-- Opening Marker --
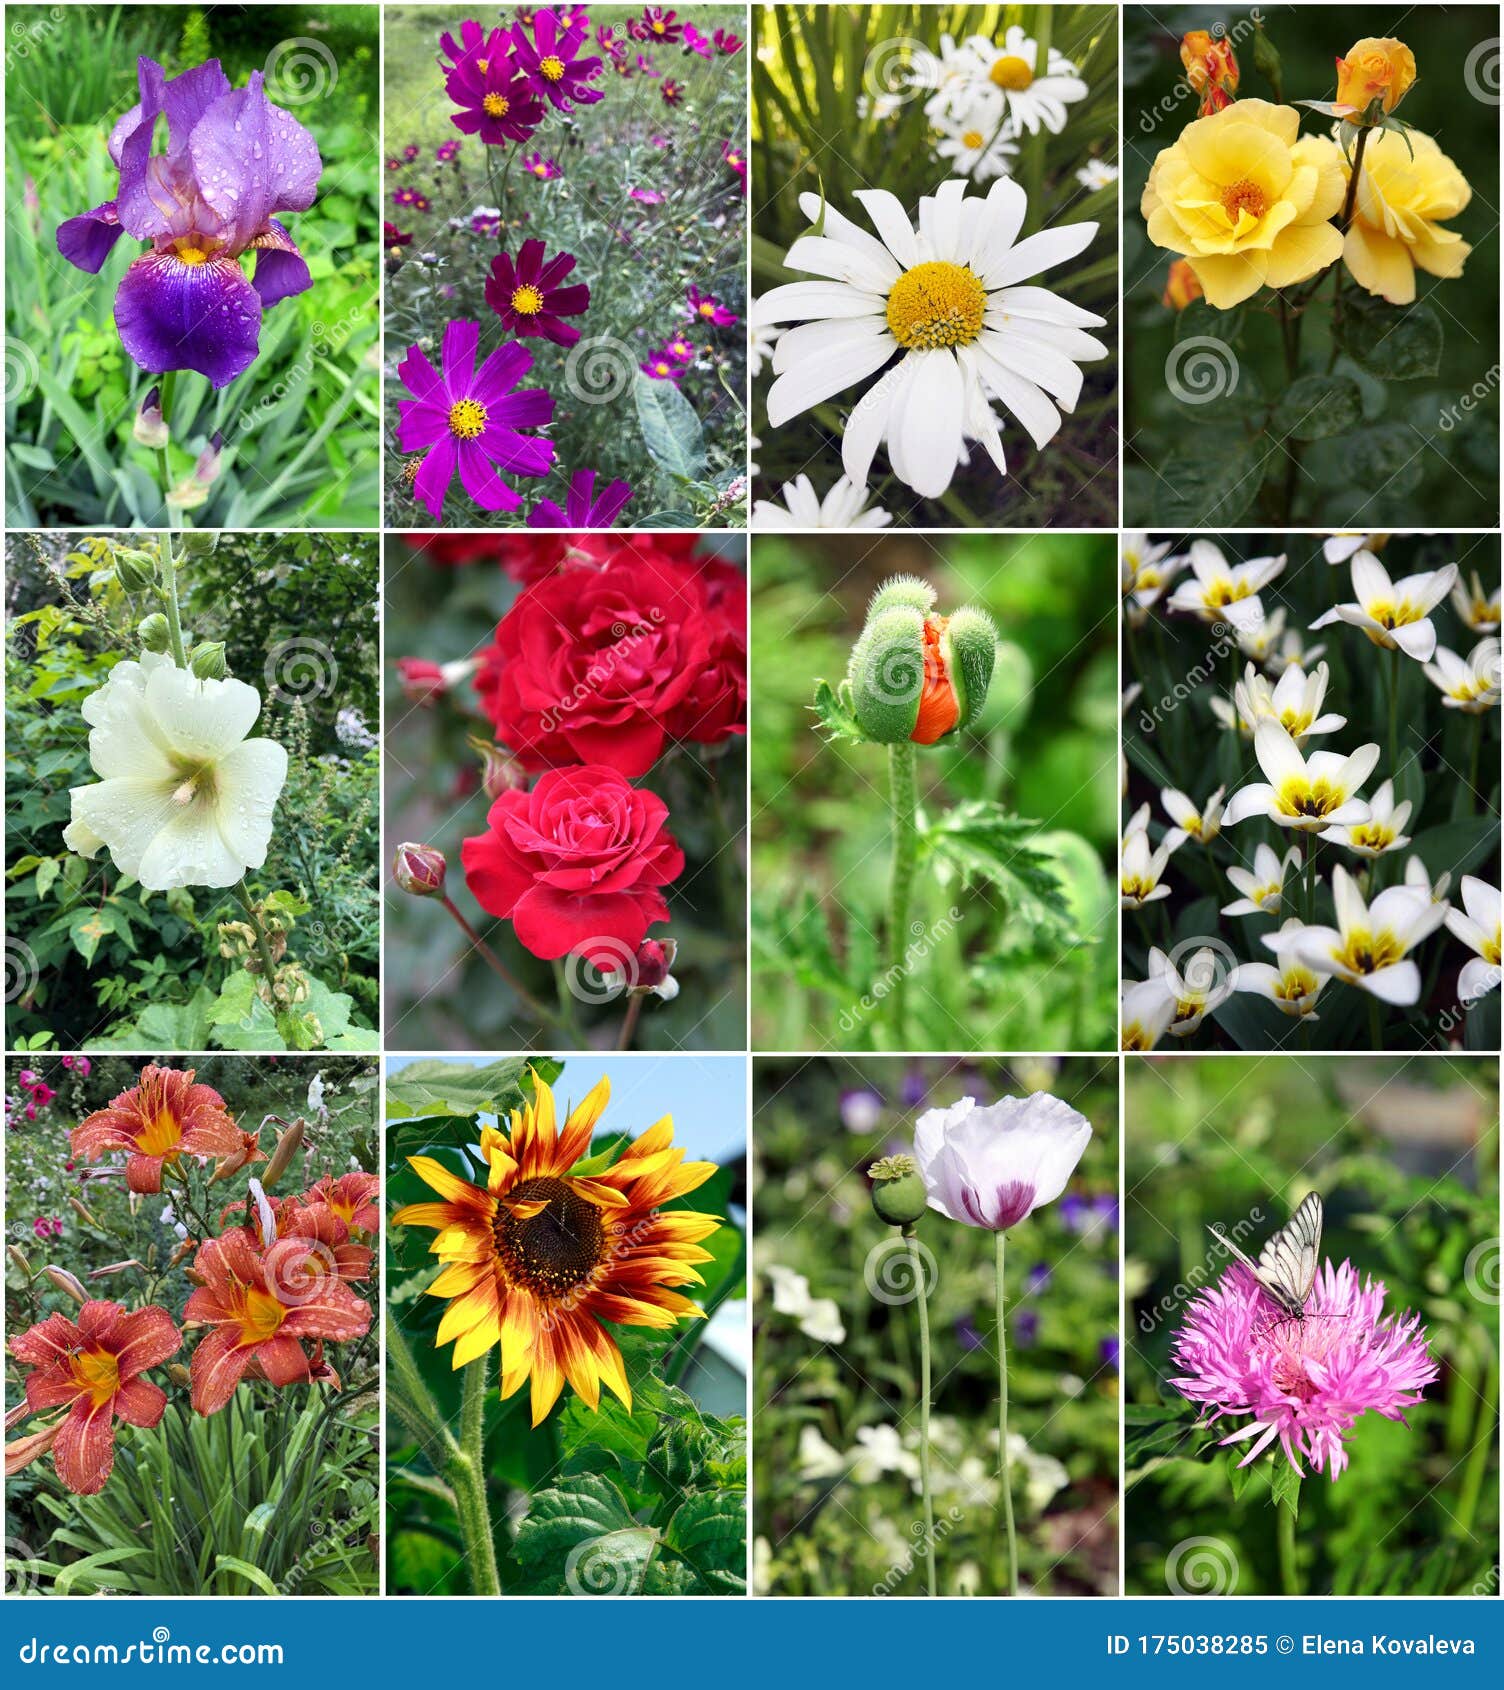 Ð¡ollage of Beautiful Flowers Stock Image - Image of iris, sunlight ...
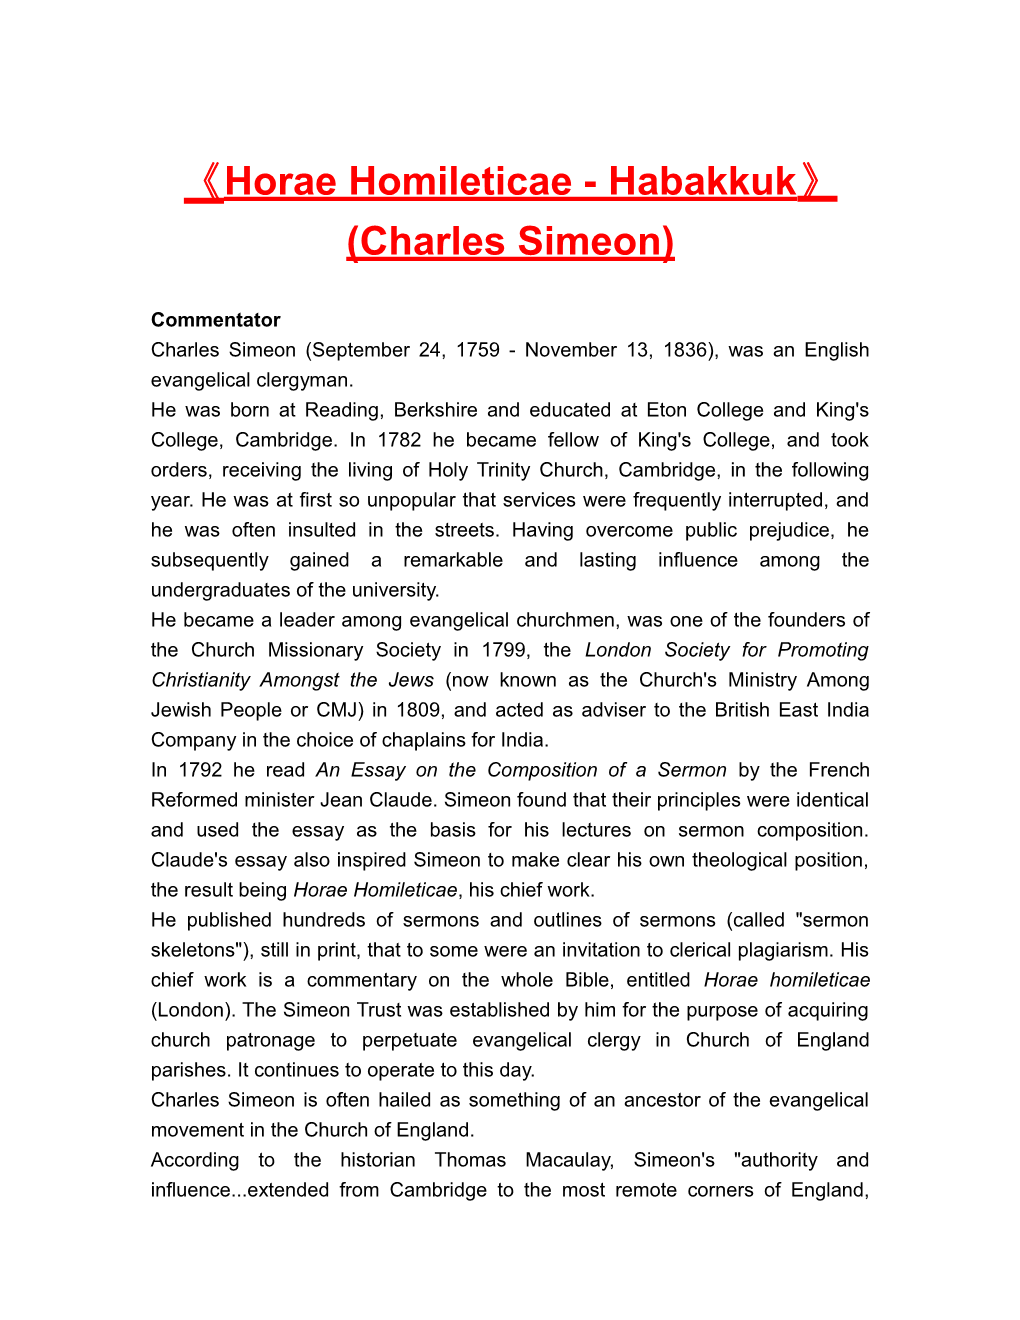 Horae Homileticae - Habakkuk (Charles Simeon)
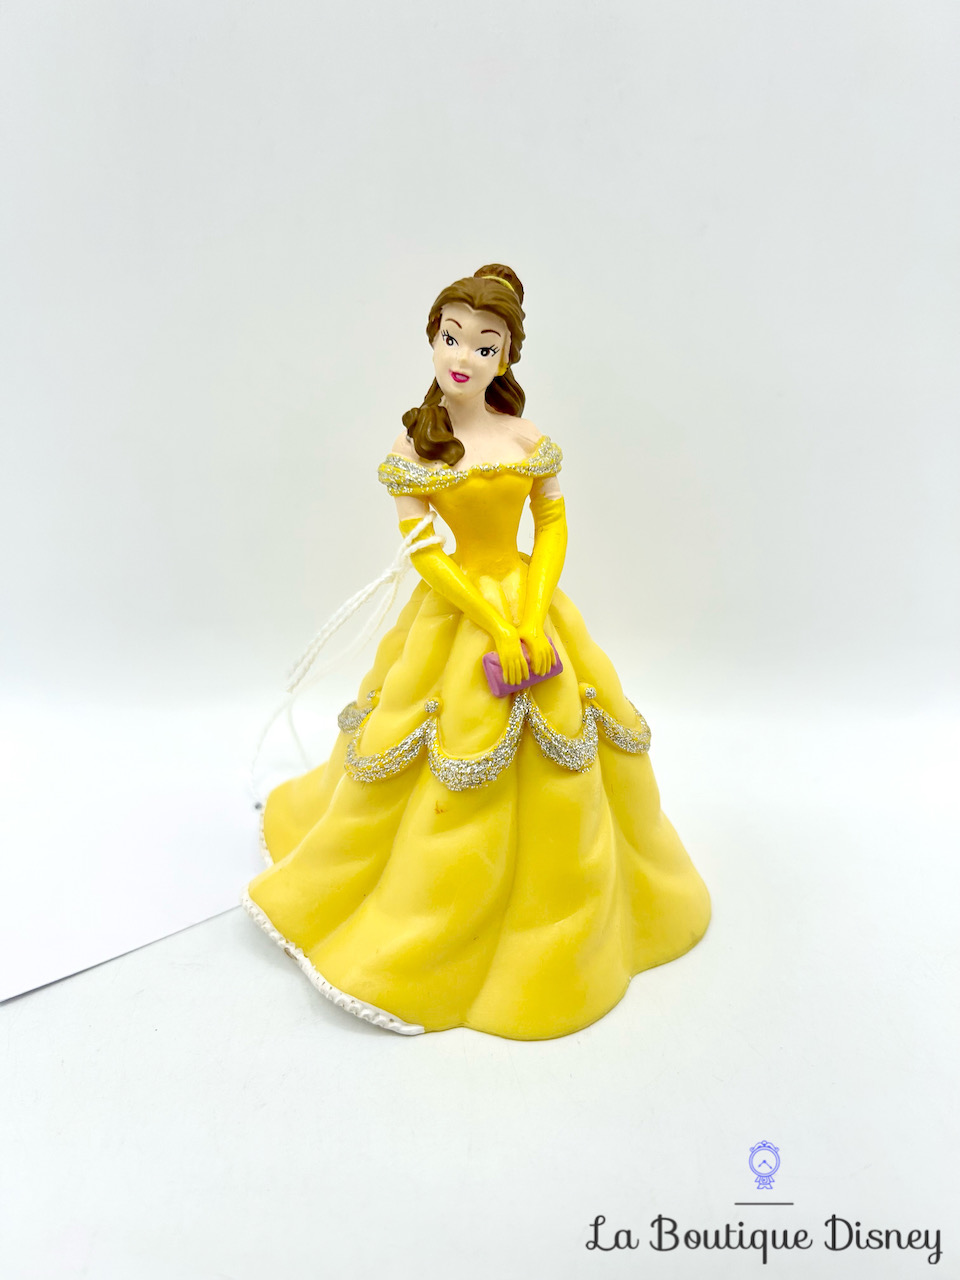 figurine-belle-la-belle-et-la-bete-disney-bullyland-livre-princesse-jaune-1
-- Closing Marker --
WHAT YOU NEED TO DO >> Pictures are to be left out. Otherwise, copy the material above exactly.

OUTPUT BELOW >>
 Ð¡ollage of Beautiful Flowers Stock Image - Image of iris, sunlight ...
 Horae Homileticae - Habakkuk (Charles Simeon)
 figurine-belle-la-belle-et-la-bete-disney-bullyland-livre-princesse-jaune-1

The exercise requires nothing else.